US20030009777A1

US20030009777A1 - Galanin

Info

Publication number: US20030009777A1
Application number: US09/230,463
Authority: US
Inventors: David Wynick
Original assignee: WITHERS AND ROGERS
Current assignee: University of Bristol; Neurotargets Ltd; WITHERS AND ROGERS
Priority date: 1996-07-24
Filing date: 1997-07-24
Publication date: 2003-01-09
Also published as: GB9901264D0; GB2331301C; DE69739760D1; DK1342410T3; ATE457125T1; EP1342410A2; ES2340984T3; WO1998003059A1; EP1342410B1; GB2331301A; DE69721005D1; DK0918455T3; EP1342410A3; AU3630297A; JP2000516212A; DE69721005T2; EP0918455A1; PT1342410E; ES2196349T3; PT918455E

Abstract

This invention relates to galanin and its uses. In particular, the invention provides a knockout mouse which lacks a functional galanin gene. The mouse may be used to investigate the effects of galanin. It has also been unexpectedly discovered that galanin antagonists may be used in the management of pain, particularly painful neuropathies, the suppression of pain, in the suppression of lactation, in the treatment of prolactinoma and in anaesthesia. Additionally, the use of galanin agonists may be used in the treatment of Alzheimer's disease, in improving memory and cognition and in the treatment of nerve damage, such as the promotion of nerve regeneration

Description

This invention relates to galanin, including analogues thereof and its uses.

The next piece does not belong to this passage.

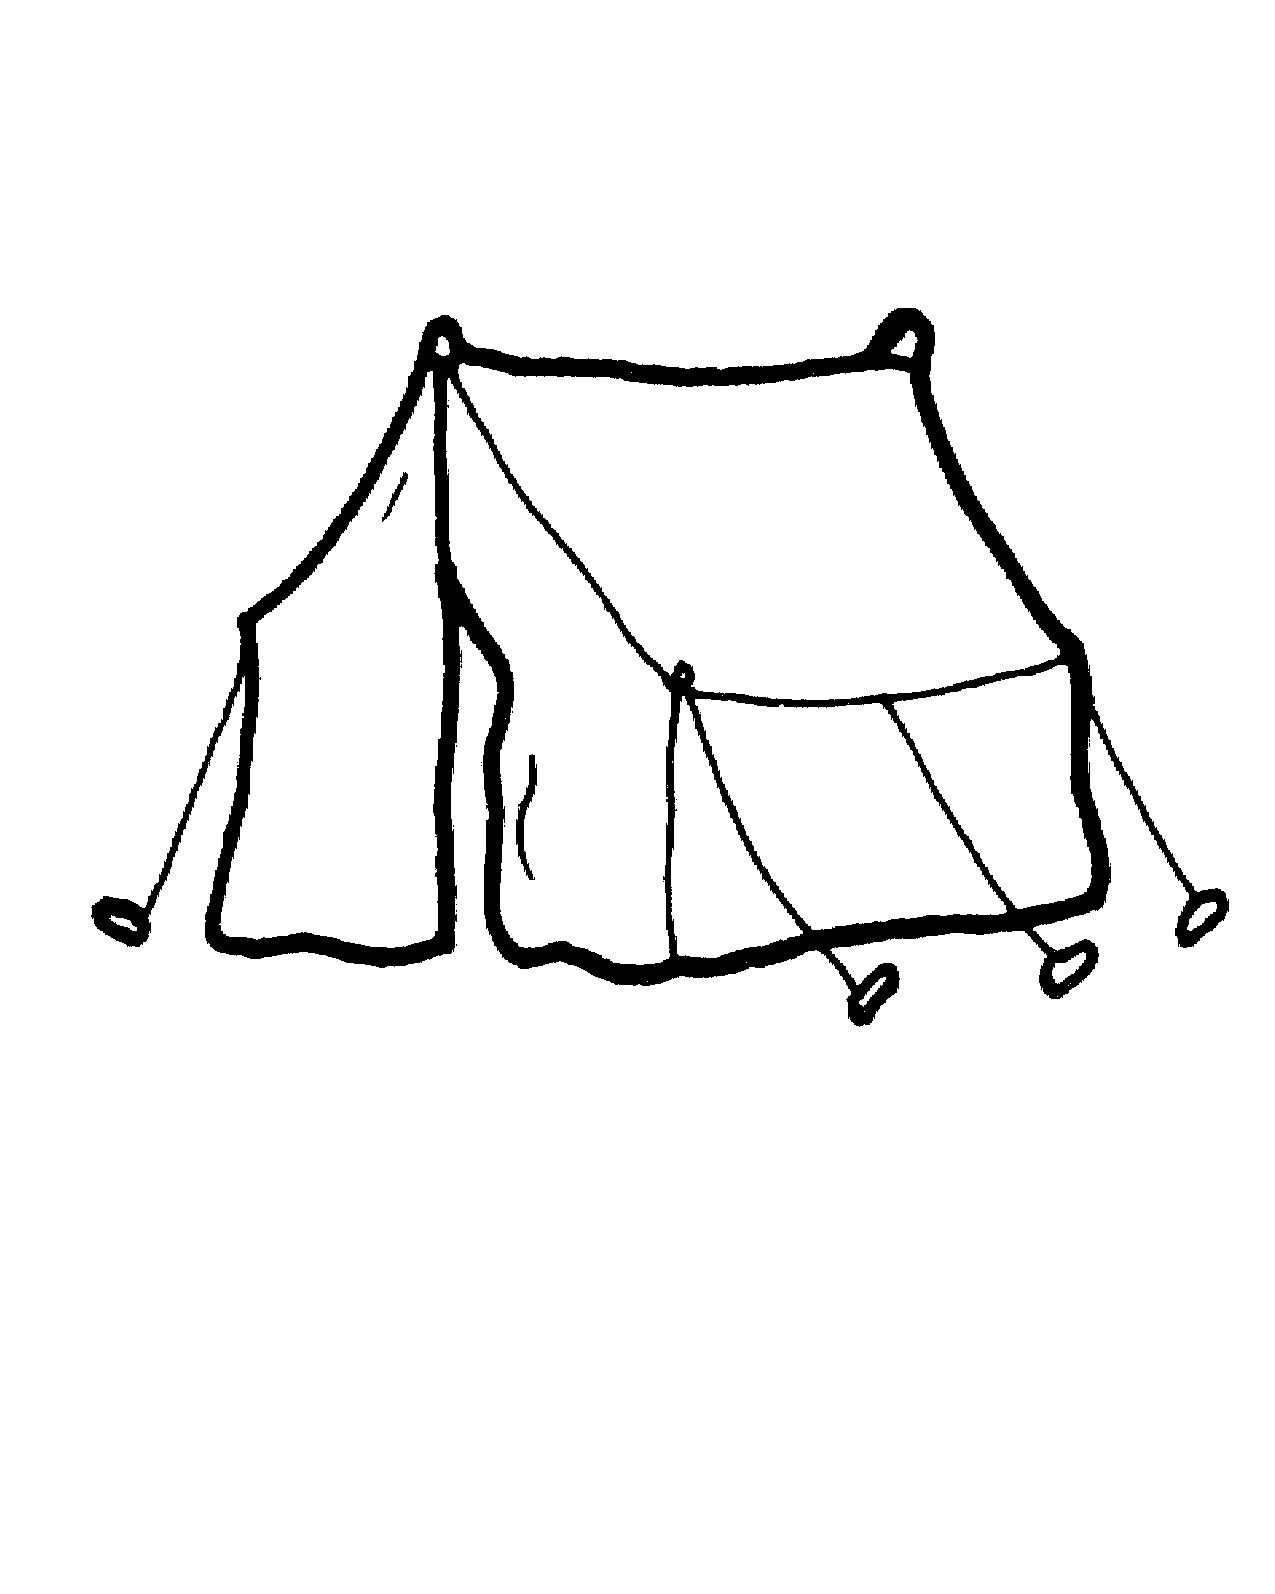 Tent Coloring Page.

Galanin is a 29 amino acid neuropeptide which was first isolated from porcine intestine in 1983. Subsequently, the cDNA for galanin was cloned from a rat anterior pituitary library in 1987. Nucleotide and amino-acid sequence analysis suggests that galanin is unrelated to any of the other known families of regulatory peptides, and remains the only member of its family. The N-terminal portion of galanin is highly conserved between species, there being variation in the C-terminal portion.

Galanin has a widespread distribution in the peripheral and central nervous systems, gut and pancreas. It is found in highest levels in the median eminence of hypothalamus and in the pituitary

WO92/12997 (General Hospital Corporation), published in 1992, discloses the sequence of human galanin. There is a discussion of studies by other workers involving the administration of rat galanin or its N-terminal fragments to augment the effect of morphine and this patent application suggests that galanin can be expected to exhibit analgesic effects such that it may be administered alone or in combination with other analgesics. The application claims the use of galanin or its analogues in the treatment of pain and the use of galanin antagonists in the treatment of certain other conditions.

WO92/20709 (Astra AB) discloses a number of putative galanin antagonists. The antagonists which are described are all based on the first 12 amino acids of galanin followed by partial sequences of other peptides i.e. chimeric peptides. Some may be agonists, some antagonists and some may be both depending on the receptor subtype. The application discloses that the antagonists may be useful for treatment of insulin-, growth hormone-, acetyl choline-, dopamine-, Substance P-, Somatostatin-, and noradrenaline-related conditions including endocrinology, food intake, neurology and psychiatry, Alzheimer's type dementia, analgesia, intestinal disease. The application discloses the results of studies using some of the antagonists described therein on various effects such as galanin inhibition of glucose stimulated insulin release; galanin induced inhibition of scopolamine induced ACh hippocampal release; galanin induced facilitation of the flexor reflex; the displacement of bound iodinated galanin in membrane binding studies. There is a suggestion in the application that the antagonists may be indicated for analgesia but there is no disclosure in the application of results to this effect.

Approximately 2-4% of the Western population suffer from diabetes mellitus and, of those people, 10-15% suffer from chronic pain and numbness in their extremities-termed “painful neuropathy”. Present techniques for management of painful neuropathy are inadequate.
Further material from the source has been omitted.